5G architecture for hybrid and multi-cloud environments
A unified approach to developing, deploying and operating 5G services – including 5G RAN, Core, OSS and BSS applications – in public and private cloud environments is a key enabler for communication service providers to successfully adopt a hybrid and multi-cloud strategy. The main benefits are faster time to market and lower total cost of ownership.
Ericsson CTO Erik Ekudden’s view on the future of hybrid and multi-cloud
A hybrid and multi-cloud future is fast emerging as a growing number of communication service providers (CSPs) are choosing to deploy their 5G services in partnership with hyperscale cloud providers. One of the implications of this exciting development is that the deployed solutions must be designed to function smoothly and efficiently across a wide range of different public, private and hybrid cloud environments.
This article outlines the challenges that hybrid and multi-cloud environments present for network software vendors and communication service providers alike, along with our experts’ view on how best to overcome them. By leveraging open source and using HCP managed services, the authors show how network software vendor application developers can build multi-cloud-native applications that are portable across clouds, resulting in faster time to market for CSPs.
A unified approach to developing, deploying and operating 5G services – including 5G RAN, Core, OSS and BSS applications – in public and private cloud environments is a key enabler for communication service providers to successfully adopt a hybrid and multi-cloud strategy. The main benefits are faster time to market and lower total cost of ownership.
The amazing growth of cloud infrastructure that we see today is the result of many years of open-source innovation combined with the efforts of hyperscale cloud providers such as Amazon Web Services, Microsoft Azure and Google Cloud Platform, as well as large and medium-size communication service providers that have created their own private clouds in-house.

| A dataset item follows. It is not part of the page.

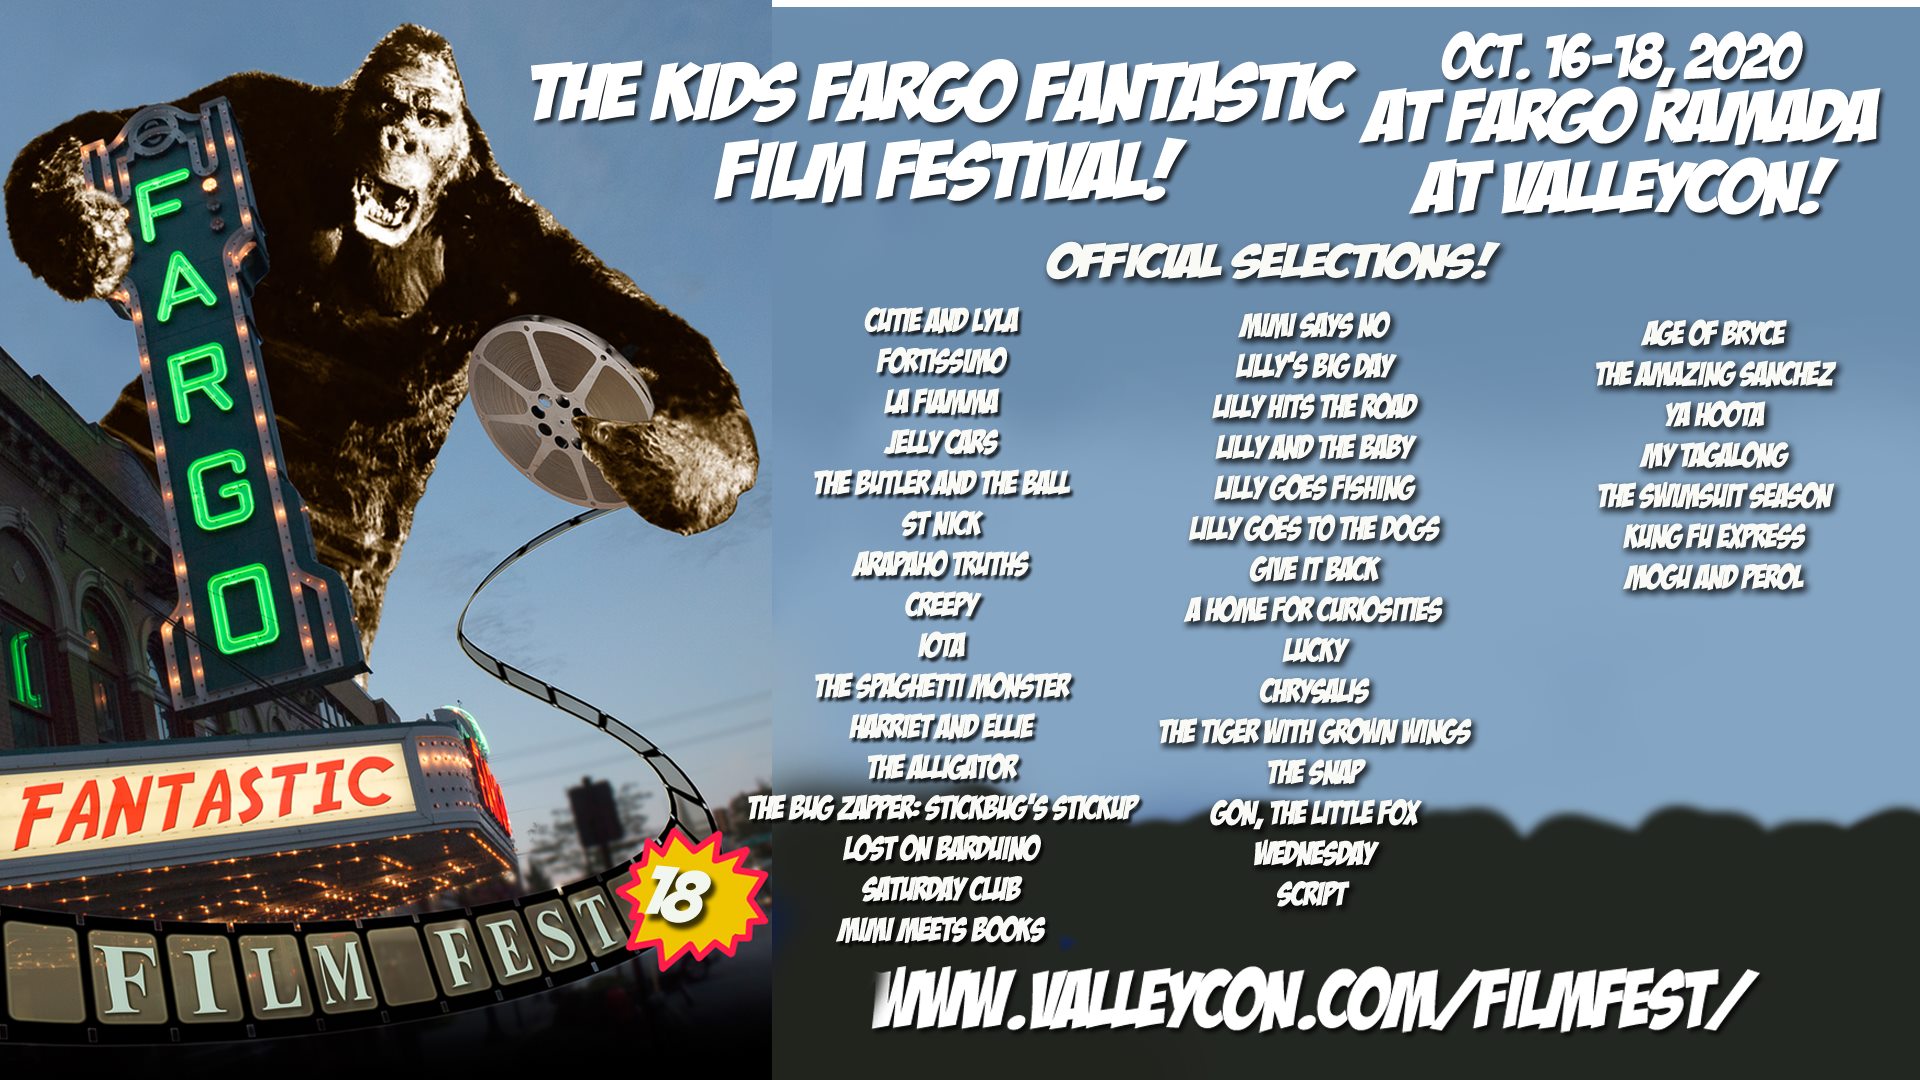 Fargo-Moorhead KIDS Fantastic Film Festival Selects THE BUTLER AND THE BALL

In addition to capacity, cloud infrastructure is growing geographically from national and regional levels all the way to edge and far edge locations, bringing the infrastructure to within a few milliseconds of where the developers want to deploy their applications, which is as close to the consumers as possible. 5G adds ultra-low latency, high capacity and programmable connectivity to such massive-scale infrastructure. The combination of ubiquitous infrastructure and superior connectivity provides application developers with a unique and unprecedented opportunity for innovation.
DevOps in the telecom context
DevOps – a set of practices that brings together software development and IT operations with the goal of shortening the development and delivery cycle and increasing software quality – is often thought of and discussed in the context of a single company or organization. The company usually develops the software, operates it and provides it as a service to customers, according to the software-as-a-service (SaaS) model. Within this context, it is easier to have full control over the entire flow, including full knowledge of the target deployment environment.
In the telecom space, by contrast, we typically follow the as-a-product (aaP) business model, in which software is developed by network software vendors such as Ericsson and provided to communication service providers (CSPs) that deploy and operate it within their network. This business model requires the consideration of additional aspects.
As shown in Figure 1, the most important contrasts between the standard DevOps SaaS model and the telecom aaP model are the multiplicity of deployment environments and the fact the network software vendor development teams cannot know upfront exactly what the target environment looks like. Although a SaaS company is likely to deploy and manage its software on two or more different cloud environments, this is inevitable within telco, as each CSP creates and/or selects its own cloud infrastructure.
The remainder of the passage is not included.